Infusion operates two trains. Each train has eight cars that seat two riders, for a maximum of 16 riders per train. The track is 689 metres (2,260.5 ft) long, and the lift hill is 33 metres (109 ft) tall. The ride reaches top speeds of 80 km/h (50 mph). Infusion has a maximum capacity of 832 riders per hour. The ride subjects riders to a maximum of 3.4 Gs.

==Ride experience==
Upon dispatch, the train climbs a 33 metre (109 ft) tall lift hill before arching into a steep curved incline. The train rises up into a butterfly loop (two half loops connected by a corkscrew) before pulling upwards into a banked apex. From here, the train drops sharply into a sidewinder (a loop that transitions into a corkscrew). A tight helix follows, providing a near-miss with Big Dipper, before the train straightens out and pulls into a double inline twist.
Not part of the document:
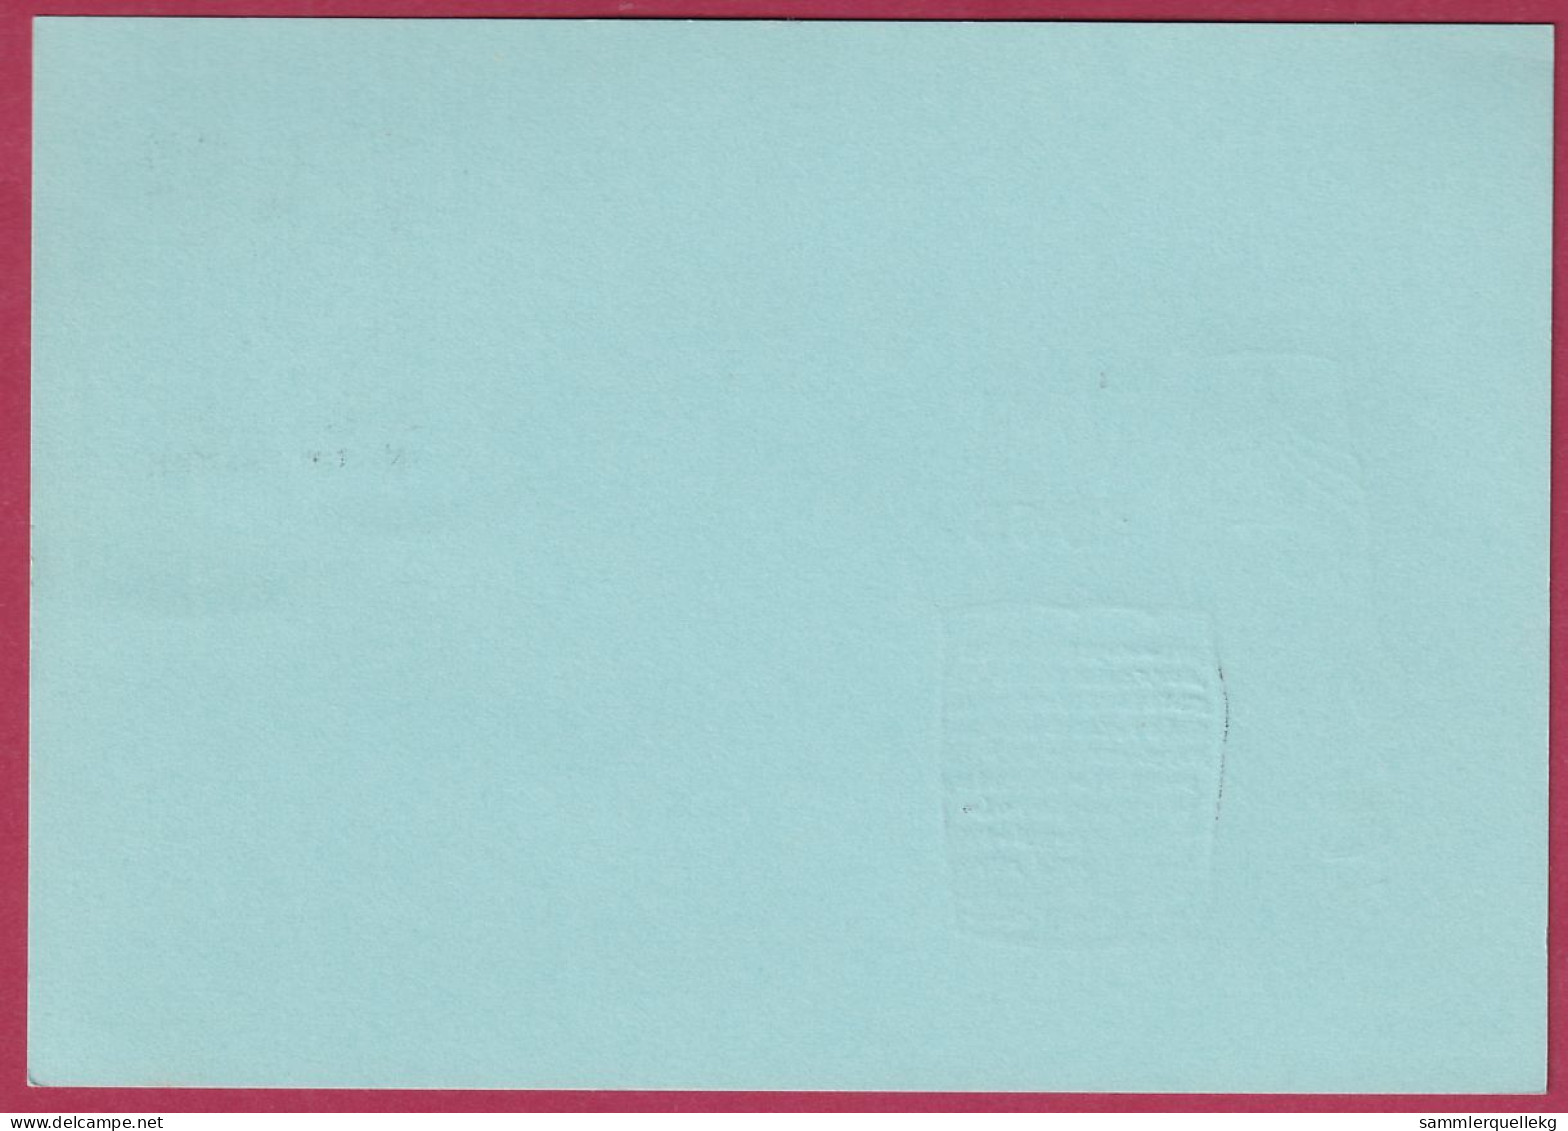 Österreich MNr.1184 Sonderstempel 12. Juni 1965 WIPA St. Gabriel - Briefe U. Dokumente
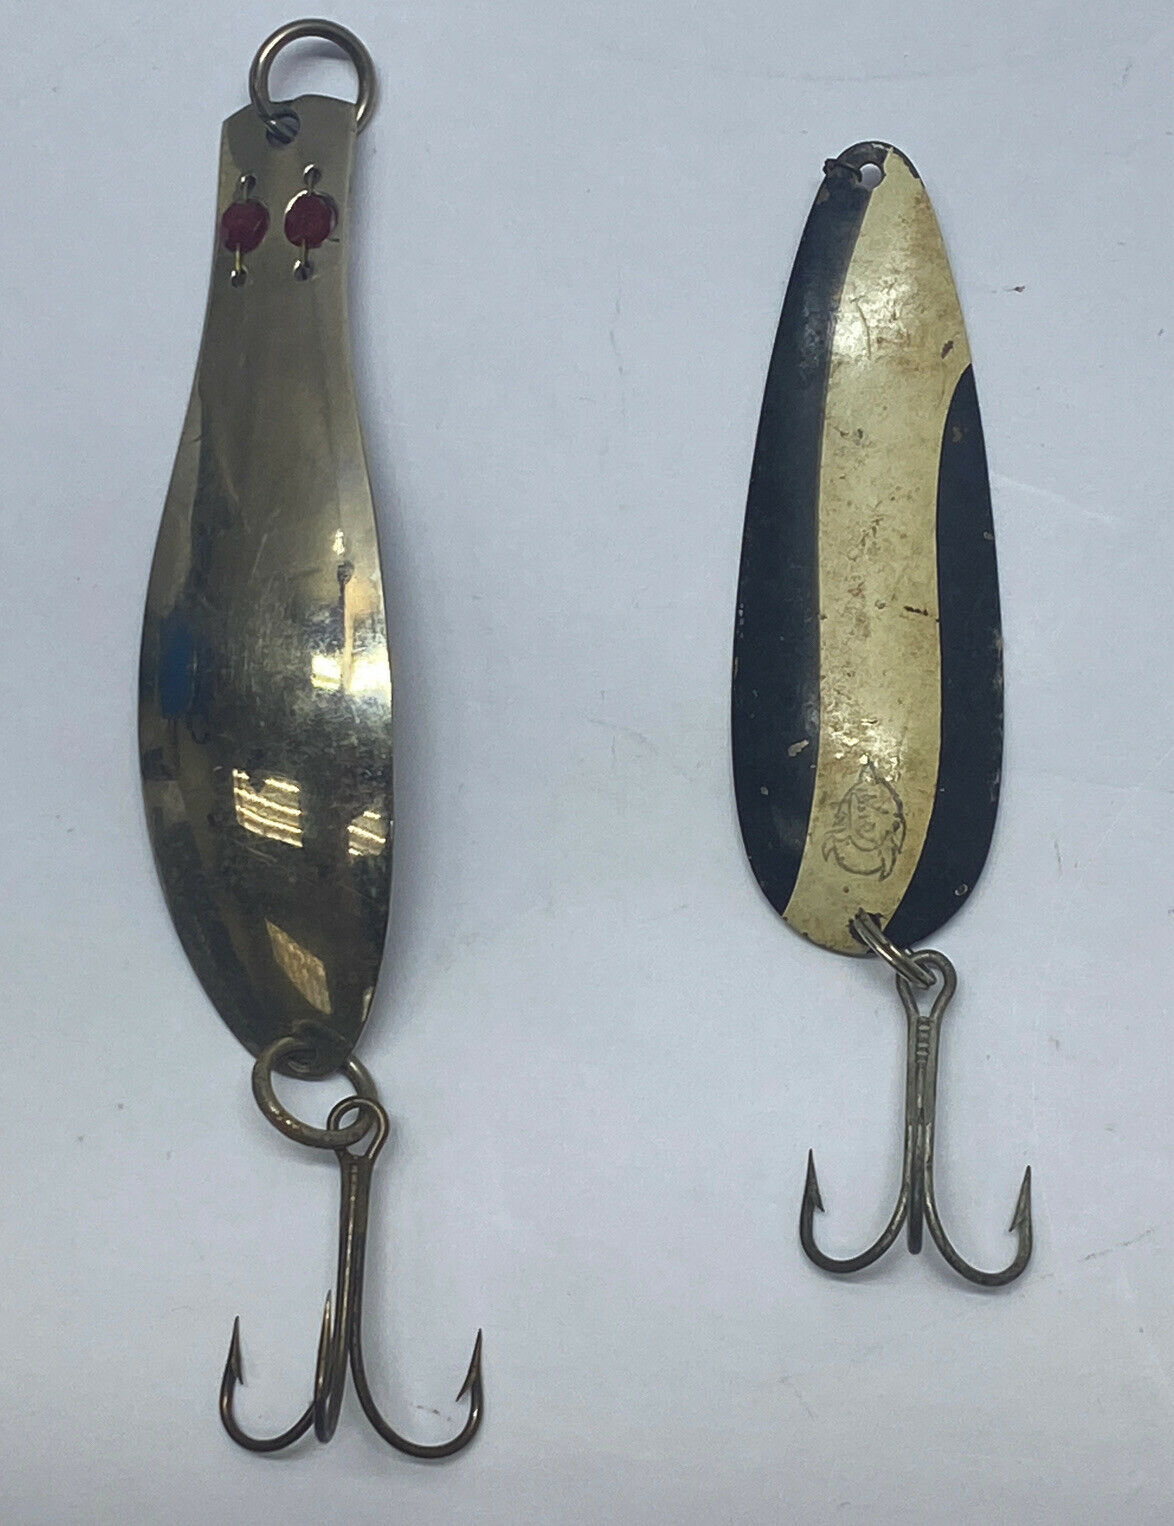 2 Vintage Metal Spoon Fishing Lures

The train subsequently enters a 90 degree turn before pulling downwards and ascending into the brake run. It then returns to the station. A full ride experience of Infusion lasts approximately one minute and 45 seconds.

==In popular culture==

- The ride was the subject of a large marketing campaign and featured on BBC Newsround, the Daily Star and Daily Express newspapers, and GMTV.
- The ride was featured in a Specsavers advertisement where two elderly people rode the coaster after mistaking the ride's seats for a park bench.